There are other problems for those systems. The finite speed of light means the round-trip time for calculations performed in the cloud is too long to support real-time decisions. Software needs to run locally or at least within 100miles or so of a robot or similar cyber-physical system to be able to respond in time to sudden problems – even assuming the connections are reliable.

Many systems will not generate anything like the amount of data generated by a self-driving car. But they are beginning to demand the kind of machine-learning and data-mining tasks currently deployed in the cloud be migrated to where they are located. At the company’s Ignite conference last autumn, Microsoft Azure senior programme manager Olivier Bloch described a system being introduced by Schneider Electric to monitor the many lonely ‘nodding donkey’ or sucker-rod oil-well pumps that pepper the southern US.

“They are out there in the wild not supervised and extracting oil from wells that are a mile deep sometimes. Any number of things can go wrong,” Bloch explains. The remoteness of the pumps means that, when a problem arises and a crew arrives to fix it, the damage is already done.

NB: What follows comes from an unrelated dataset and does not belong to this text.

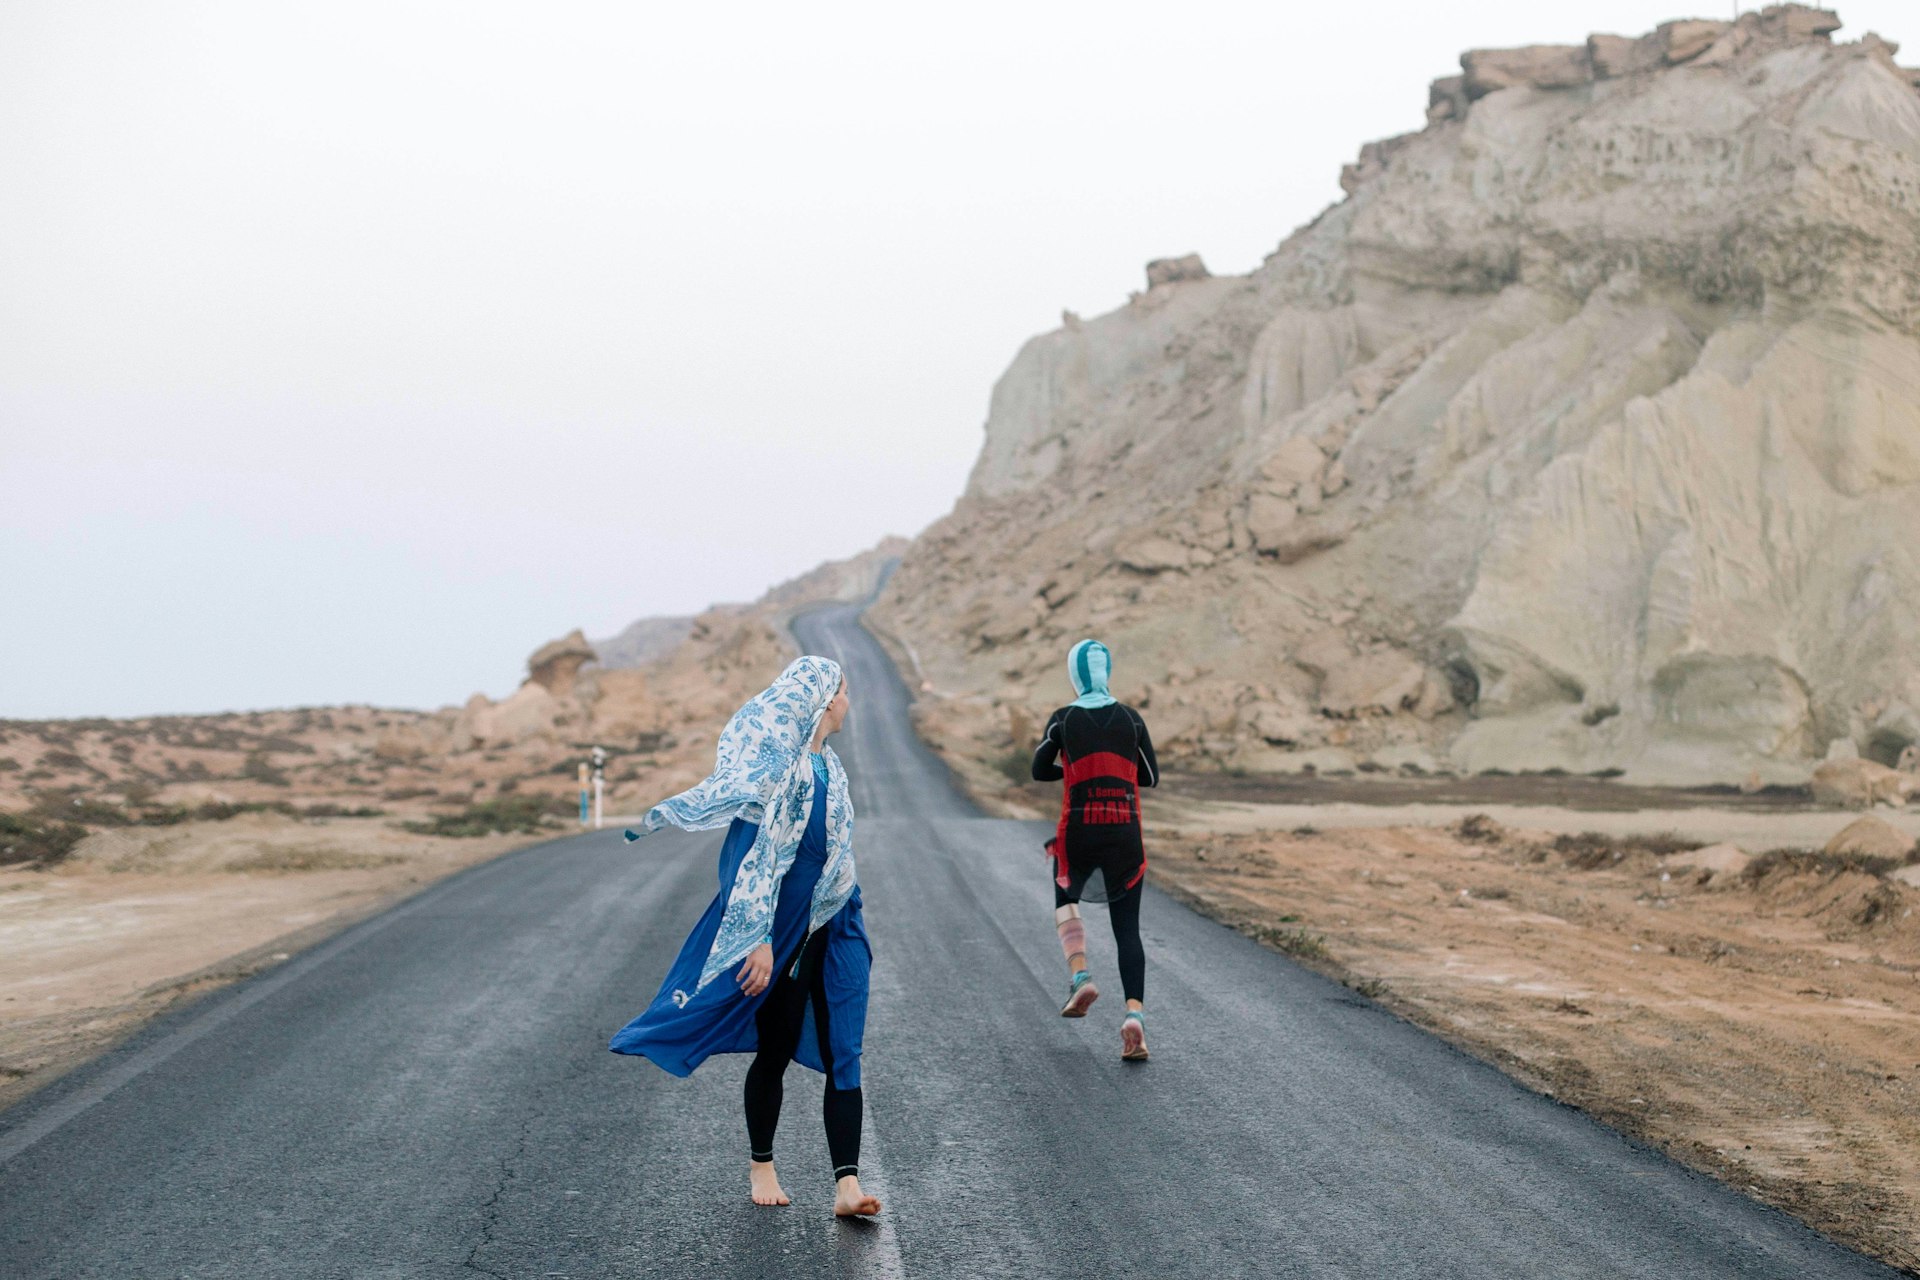 The pioneering female Iranian athlete taking on the world's toughest race

One of the main problems is the pump pulling sediment into the flow of oil. “You have to slow down and allow things to settle before you can start to pump again,” Bloch says.

"The big upside of containers [is that] when running an inside a container, you will see almost no difference in performance."
Cedric Vincent, Witekio

Often, pressure readings can identify problems such as pipeline leaks and sediment contamination. But a direct reading of pressure does not show the problem – it is seen as a divergence from a normal two-phase cycle of high and low pressure as the rod in the well rises and falls. Traditionally, these readings are plotted on a ‘dynacard’ that shows graphically how the pressure is varying over a pumping cycle.

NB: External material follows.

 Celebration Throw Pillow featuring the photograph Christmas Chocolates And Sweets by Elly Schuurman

Schneider wants to use machine-learning algorithms to determine when the problems kick in. The pumps could report their running status to servers that decide whether conditions, but that involves sending large quantities of data over low-bitrate links, such as GSM. So, the company is now installing Linux-based computers at the wellheads to perform the analysis onsite and to raise an alarm when something needs attention – possibly halting the pumps if the issue is serious.

To support systems like Schneider’s, Microsoft and others in the nascent edge-computing market are tweaking technologies originally developed for use in cloud servers so they can be deployed to custom hardware in the field and managed from the network.

“That edge device will be managed from the cloud. When the device comes online, it sends a ping to the hub: ‘I’m the edge device. Do you know me?’ The cloud will say: ‘Yes, you need to work with this configuration’. That configuration will tell the edge device what modules to load from the cloud to run locally.”

One of the problems with downloading software modules to an edge device is handling configurations and compatibility with other applications, particularly for services that might be active over a decade or more. One option is to use virtual machines to handle the downloadable code. But virtualisation imposes a performance overhead because many I/O requests that would normally go straight to hardware need to be emulated – at least partially – in software. Although cloud operators embraced virtualisation early on to provide better isolation between different tasks and users running on shared hardware, they have wholeheartedly embraced another option over the past five years – the container.

Cedric Vincent, CTO at Witekio says: “The big upside of containers: running app inside container you will see almost no difference in performance.”

Now led by companies such as Docker and Joyent, the container evolved from an idea created by Bill Joy for BSD Unix in the early 1980s as a way to prevent software under development from interfering with other applications. A system utility called chroot moved the root directory for any user to any arbitrary folder in the filesystem. Short of hacks to break out of this virtual jail, the user would have no direct access to files above that point.

Containers use features built progressively into Linux to extend the jail concept. Containers can create the illusion for applications of exclusive access to a full Linux system with root privileges. In fact, the application is stuck inside a software container running alongside many others, each oblivious of each other’s existence. A key advantage of this approach is that it overcomes the problem of dependency mismatches. Applications tested with one version of Java, for example, could fail if the Java runtime receives an update. Each container that needs Java can have its own version sitting in its namespace. However, the core operating system is shared to avoid having to duplicate entire memory images.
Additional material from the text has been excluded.